To address the frequent failures that occur during large-scale model training, the research group led by Prof. Zhibin Wang from our school, in collaboration with Huawei Technologies Co., Ltd., has proposed a fault-tolerant training system named Chameleon. This work was led by the research group, with participation from undergraduate students Peng Jiang and Qianyu Jiang from our school. The related paper has been accepted by the top-tier international conference INFOCOM 2026.

Challenges in Large Model Training

With the rapid advancement of large-scale foundation models, model training has become increasingly complex and computationally intensive. The training process is often interrupted by unexpected events such as hardware failures, network disruptions, and other system-level faults.
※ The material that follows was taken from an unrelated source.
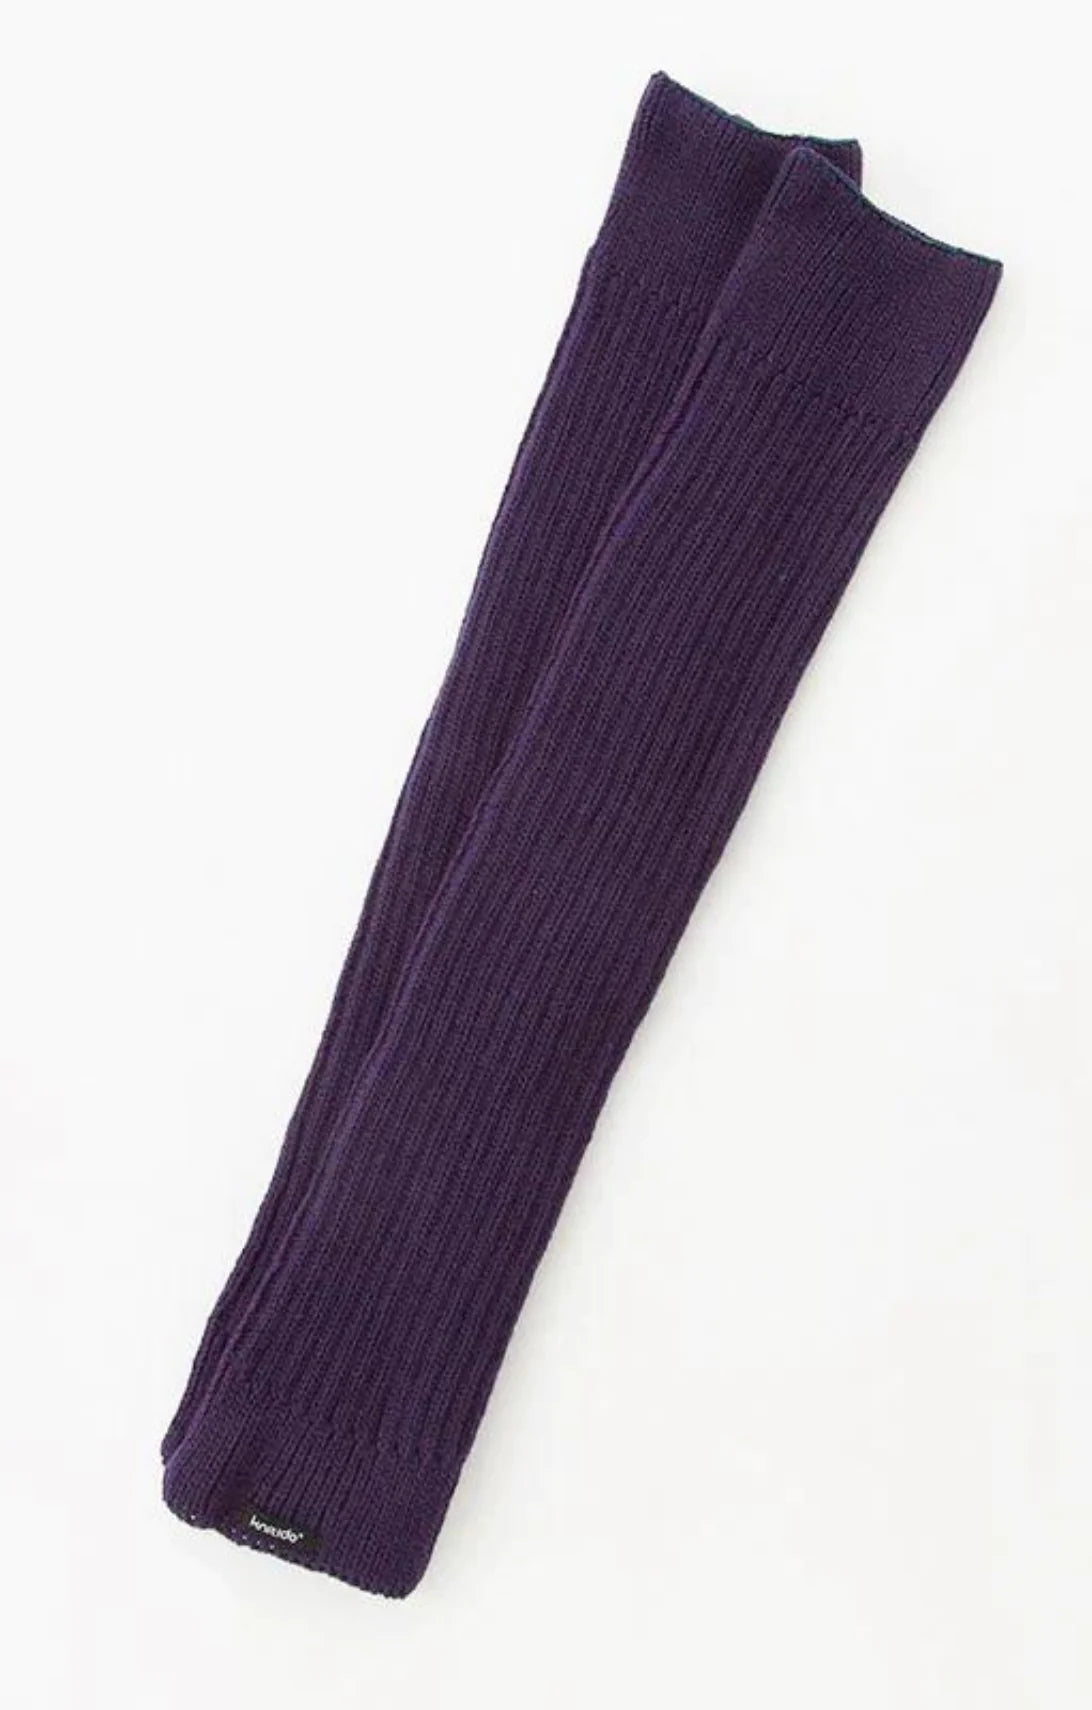 Knitido plus brand Wool Blend Ribbed Leg Warmer in Purple color

Considering that large-scale training may last for months and involve thousands of accelerators, efficiently and seamlessly recovering from failures has become a critical challenge for engineers.

Traditional fault-tolerance approaches, such as redundant computation, dynamic parallelism, and data rerouting, can help resume training but often lead to significant performance degradation. Therefore, a key challenge lies in minimizing the loss of training efficiency when failures occur and restoring the training process to its pre-failure performance as quickly as possible.

An Adaptive Fault-Tolerance Solution

To tackle this challenge, Prof. Zhibin Wang’s research group, together with Huawei Technologies Co., Ltd., proposes the Chameleon system.

Designed for environments where failures frequently occur during large model training, Chameleon dynamically selects between dynamic parallelism and data rerouting strategies in real time. Through unified performance modeling, execution plan search, and communication optimization, the system enables efficient adaptive fault tolerance during large-scale training.

Performance Modeling

Chameleon first constructs a comprehensive performance model that covers all training stages and strategies. This model can evaluate execution time and memory consumption under various failure scenarios.

Based on this performance model, Chameleon can predict the behavior of different recovery strategies in advance, preventing issues such as memory overflow and ensuring stable training during fault recovery.

Execution Plan Search

When a failure occurs, Chameleon rapidly searches for and selects the optimal recovery strategy based on the performance model and system resource constraints.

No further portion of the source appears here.